> Task goal:
What follows is a listing to transcribe exactly, leaving the pictures out.

> Data provided:
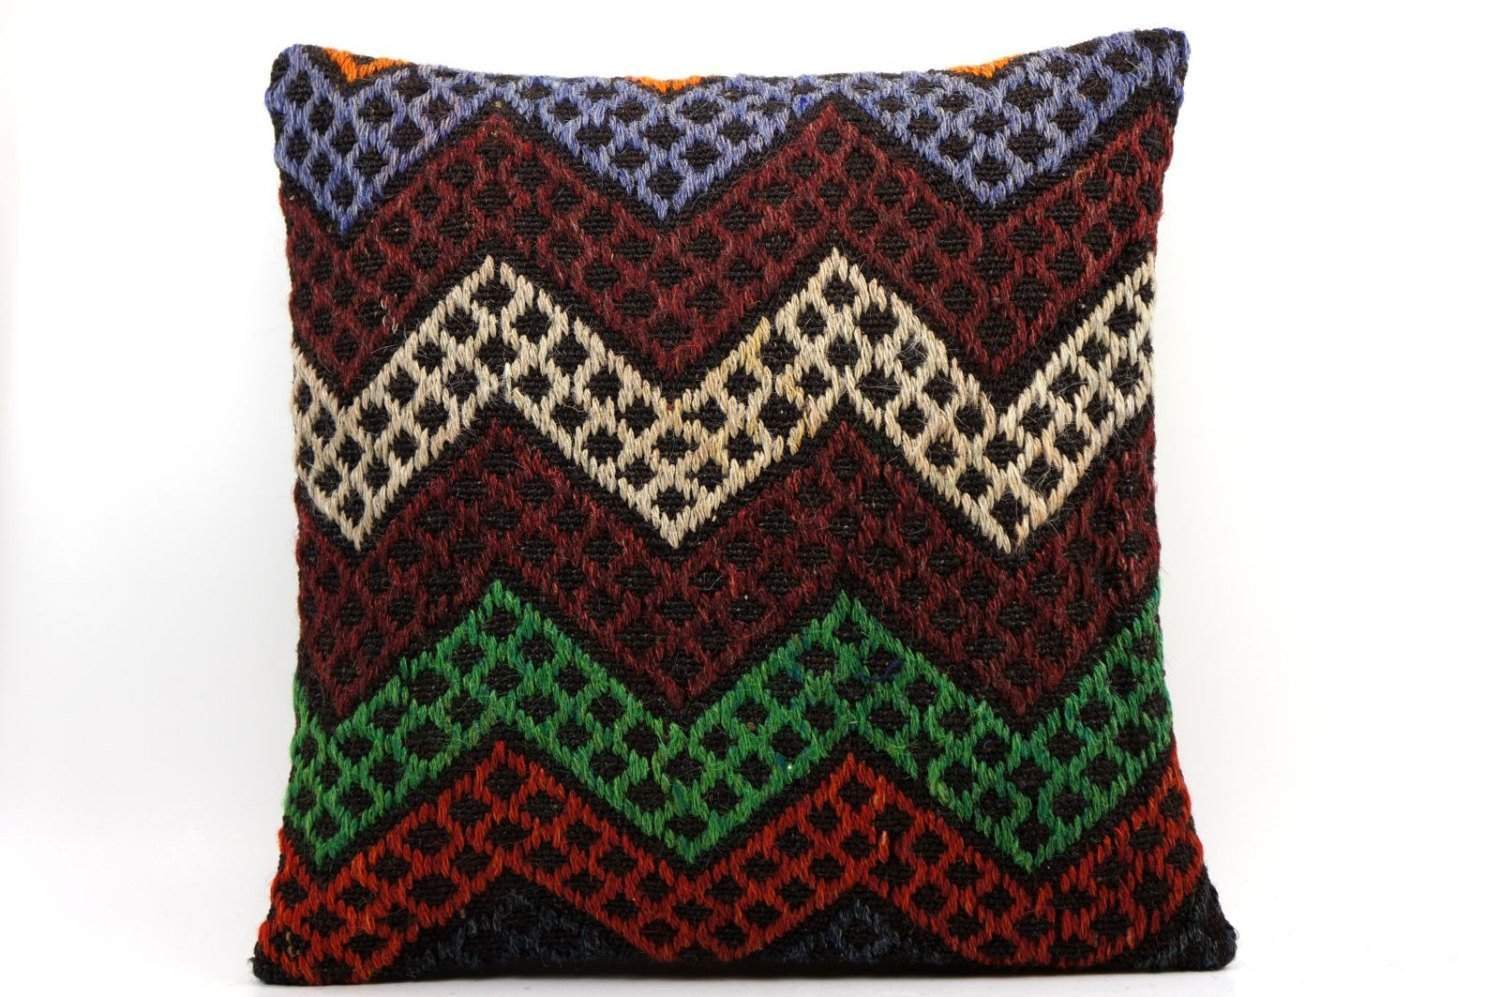 CLEARANCE 16x16 Vintage Hand Woven Kilim Pillow  498,white,green,blue,black,red,claret red,chevron - kilimpillowstore
 - 1
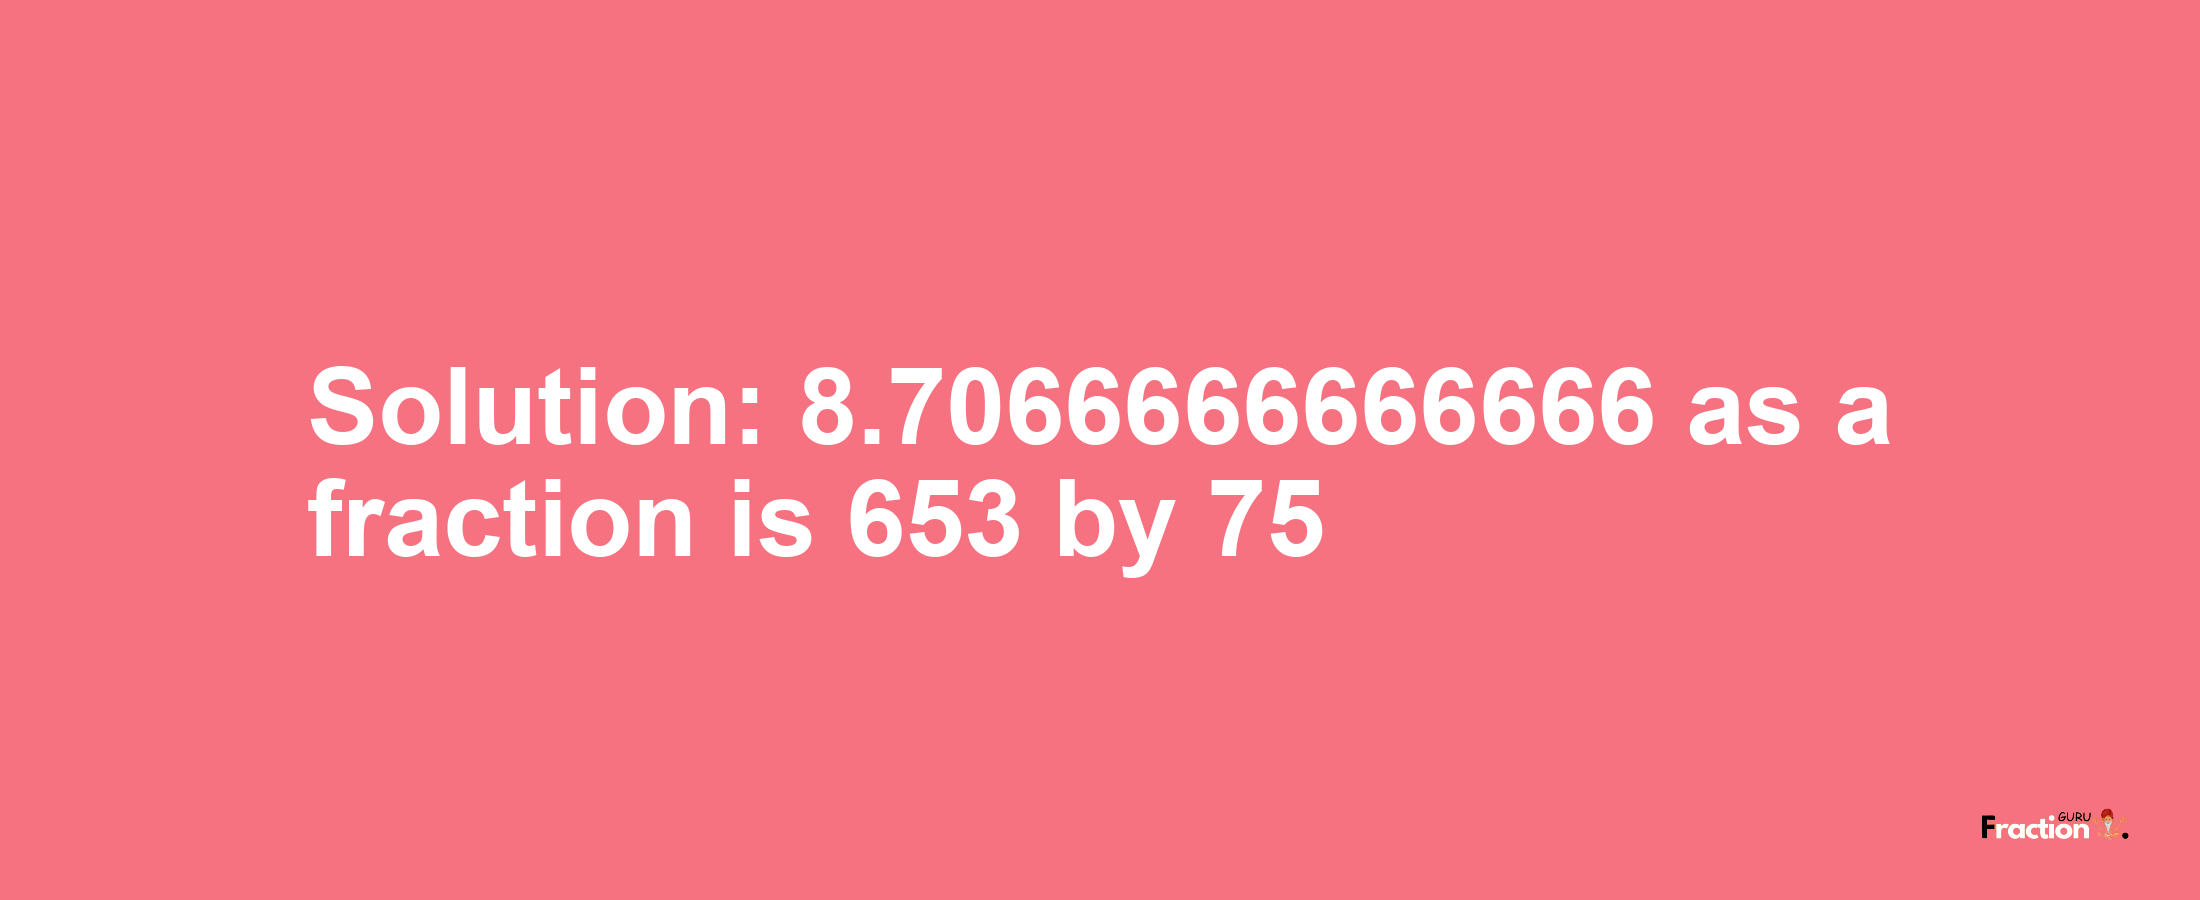 Solution:8.7066666666666 as a fraction is 653/75

> Solution to this problem:
 CLEARANCE 16x16 Vintage Hand Woven Kilim Pillow  498,white,green,blue,black,red,claret red,chevron - kilimpillowstore
 - 1
 Solution:8.7066666666666 as a fraction is 653/75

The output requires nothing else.